Problem description
Restate every line of the data word for word, except for the images.

Material for this task
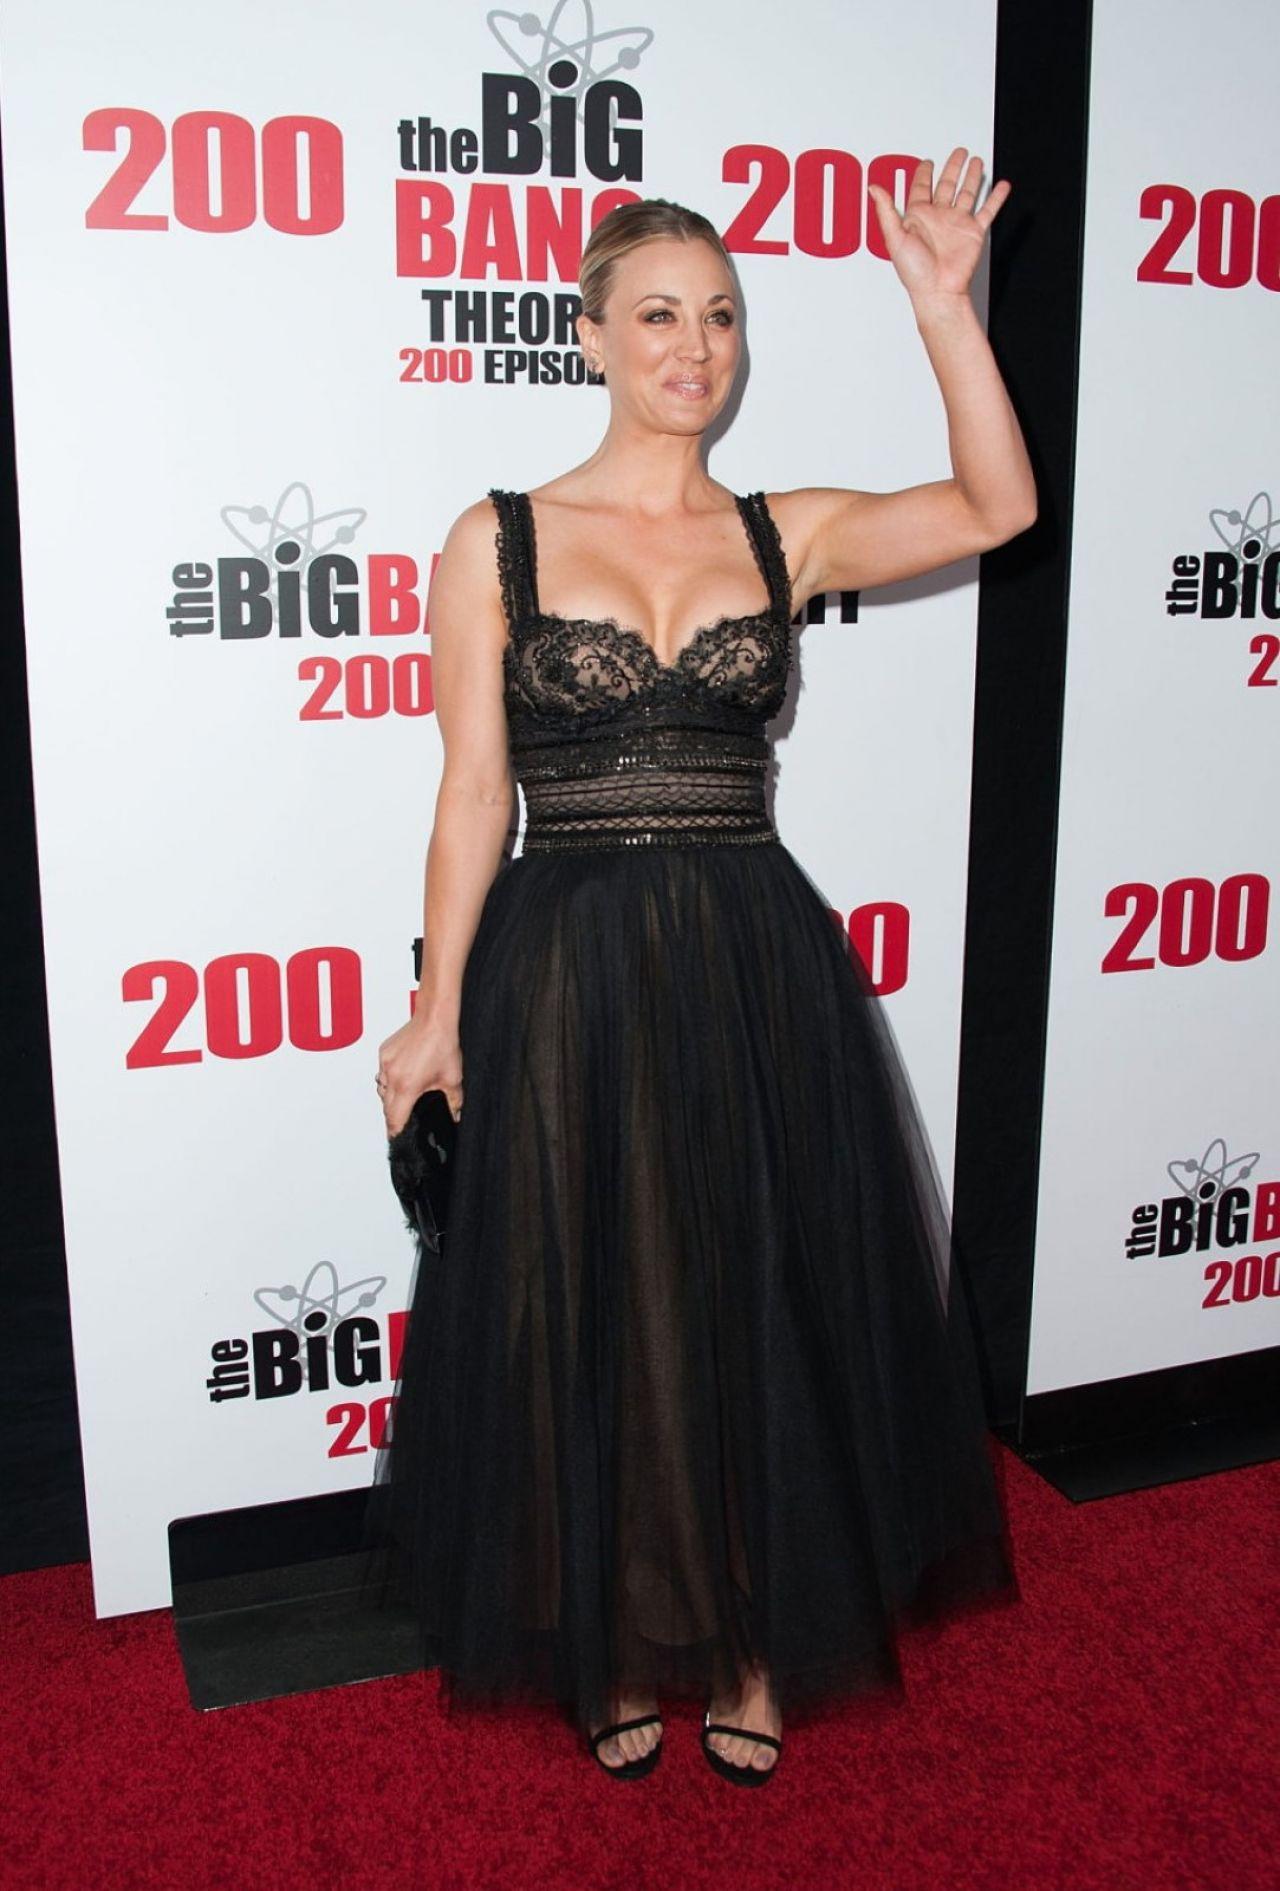 Kaley Cuoco Cbs S The Big Bang Theory Celebrates 200th
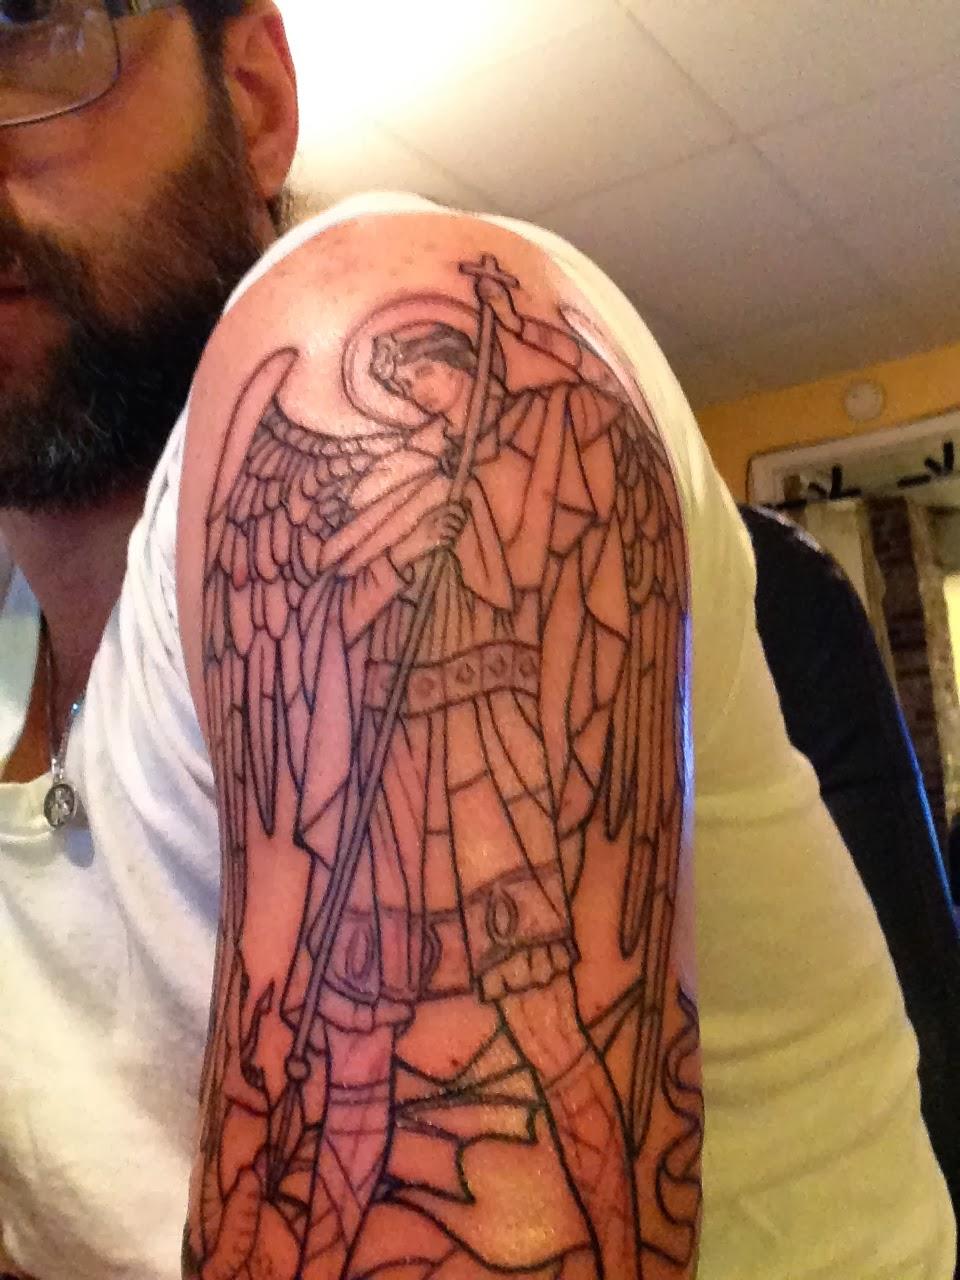 pin archangel michael defeating lucifer tattoo design saint raphael angel on pinterest. Black Bedroom Furniture Sets. Home Design Ideas
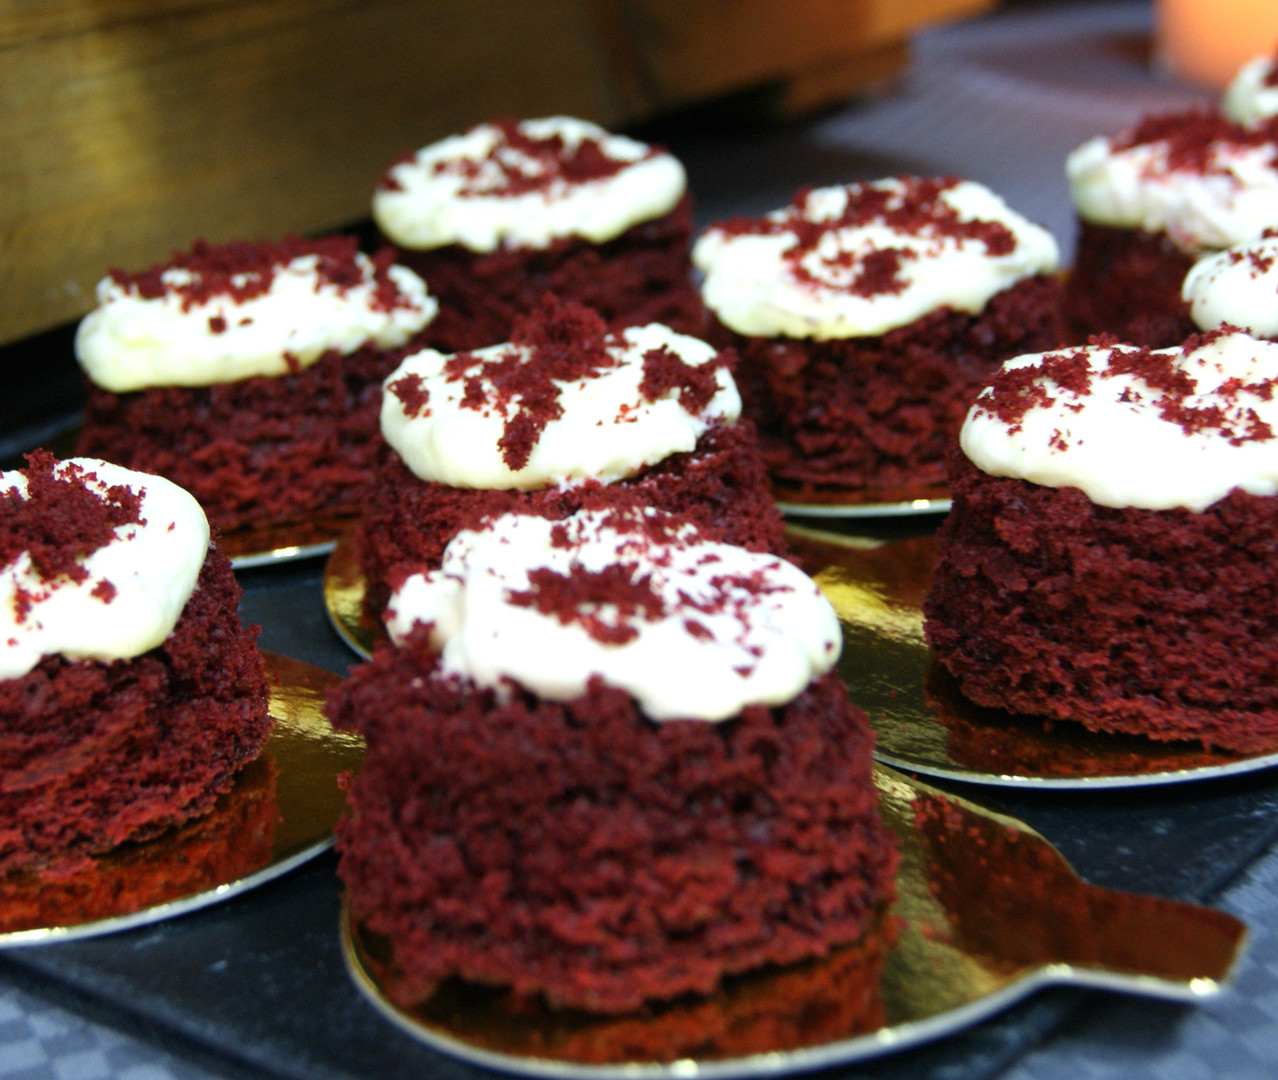 sibarum-cakes-polonia-elmusical-candybar-redvelvet2
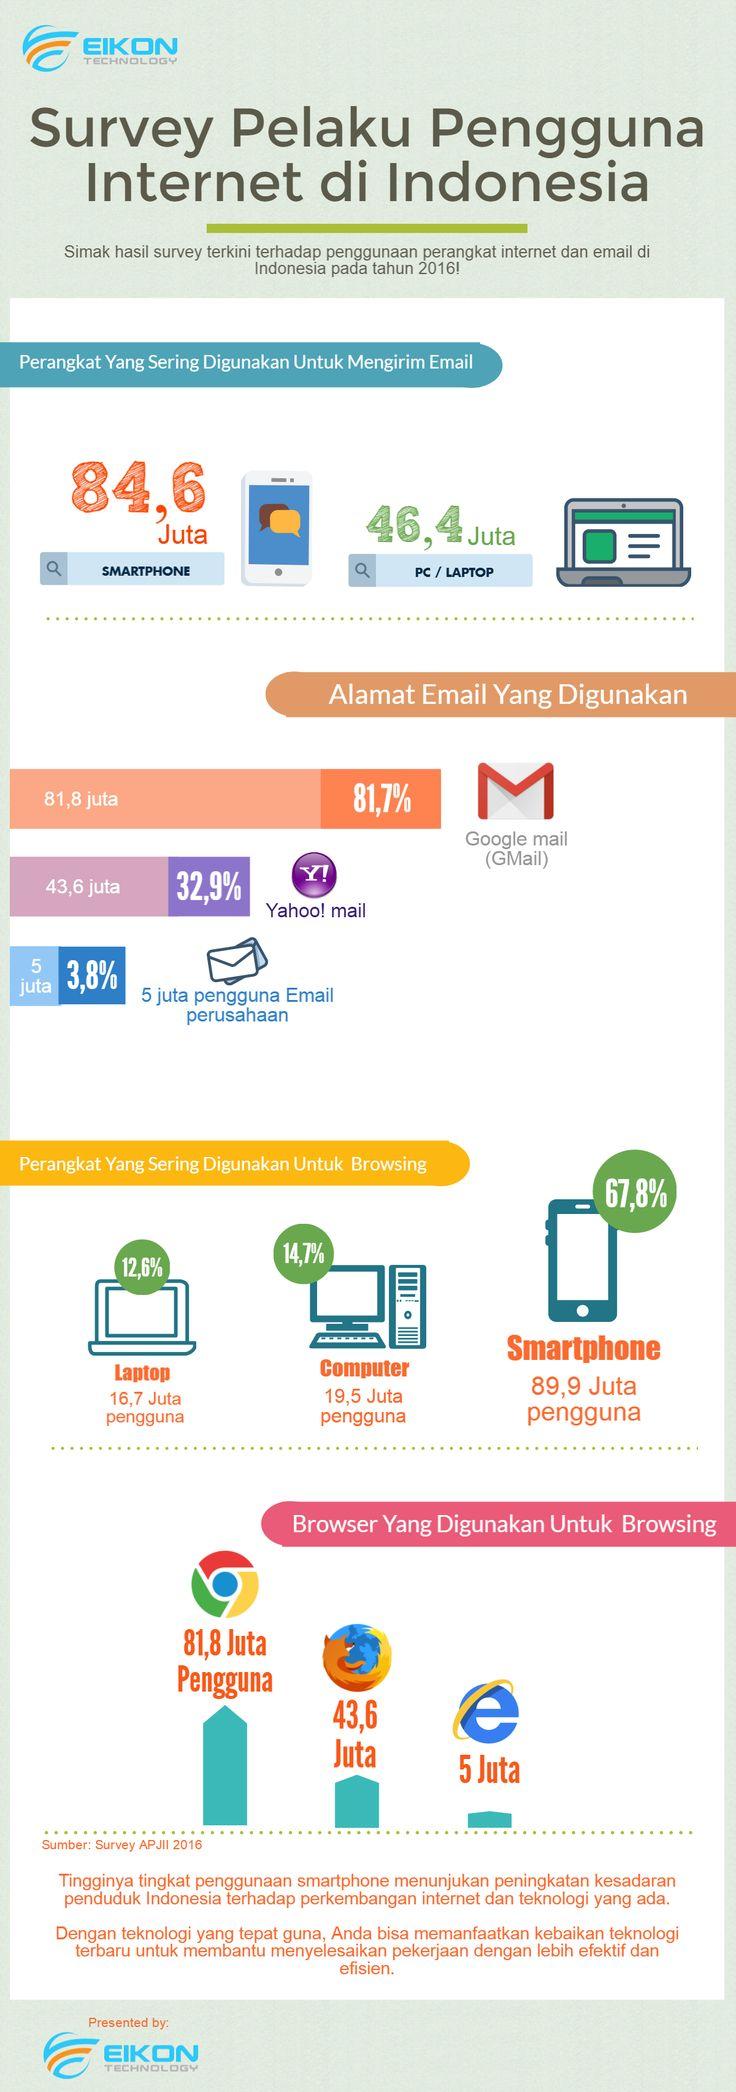 Pengguna mencapai 132 juta, Indonesia pun turut meramaikan teknologi internet di Dunia. #internet #internettechnology #survey #digital #eikontechnology #cloud #teknologi
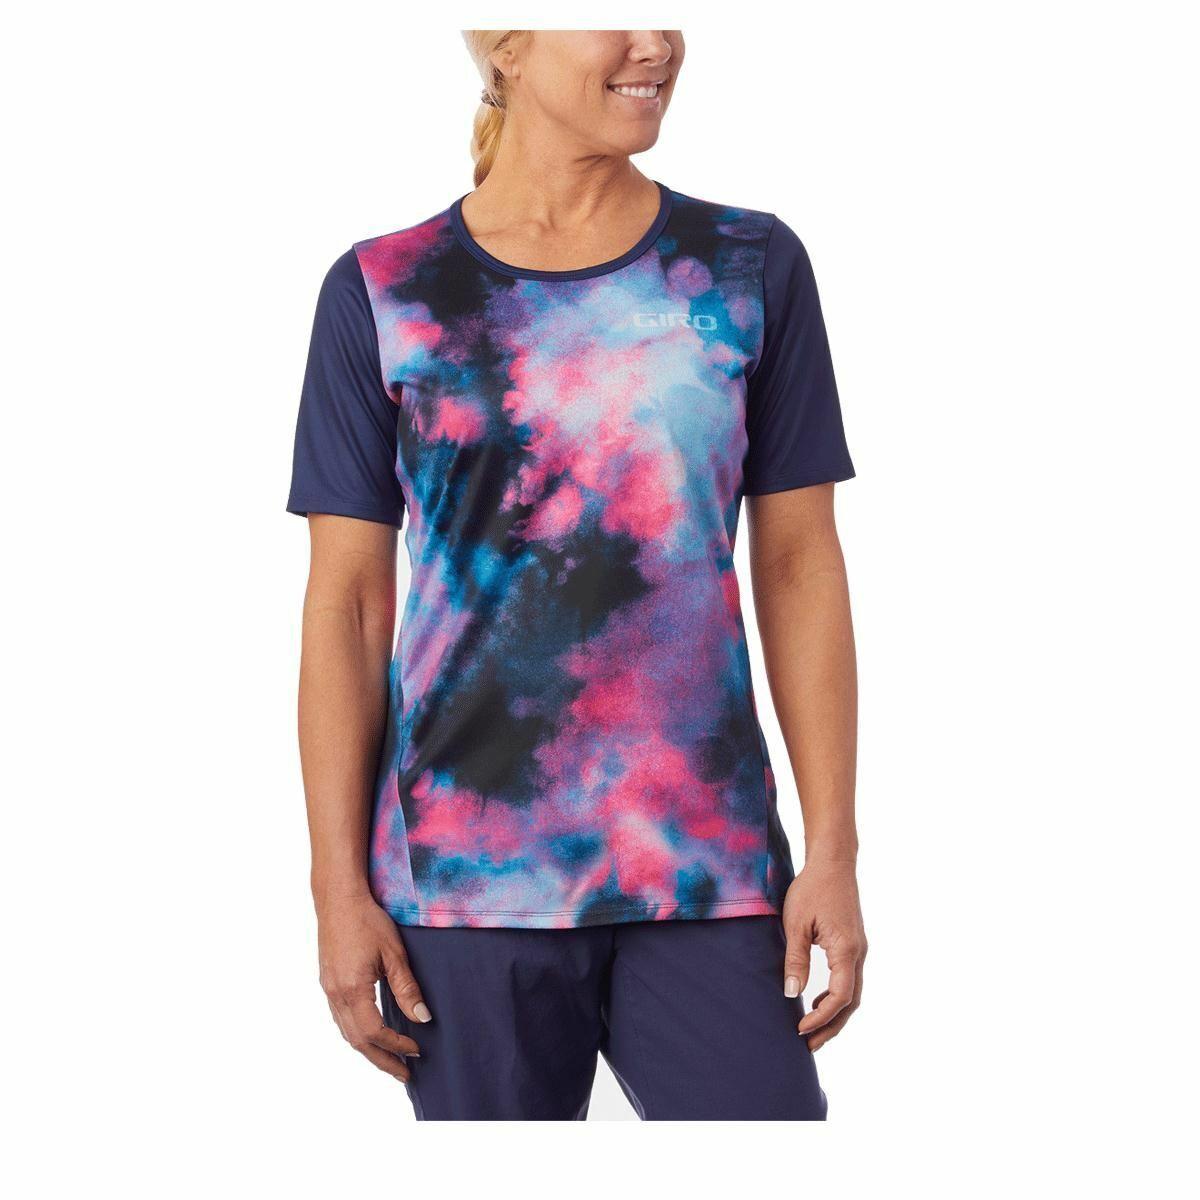 Ciclismo Camiseta manga corta Giro Mujer  Bicicleta MTB 2017 Poza XL Roust  vendiendo bien en todo el mundo

Completed task
 Kaley Cuoco Cbs S The Big Bang Theory Celebrates 200th
 pin archangel michael defeating lucifer tattoo design saint raphael angel on pinterest. Black Bedroom Furniture Sets. Home Design Ideas
 sibarum-cakes-polonia-elmusical-candybar-redvelvet2
 Pengguna mencapai 132 juta, Indonesia pun turut meramaikan teknologi internet di Dunia. #internet #internettechnology #survey #digital #eikontechnology #cloud #teknologi
 Ciclismo Camiseta manga corta Giro Mujer  Bicicleta MTB 2017 Poza XL Roust  vendiendo bien en todo el mundo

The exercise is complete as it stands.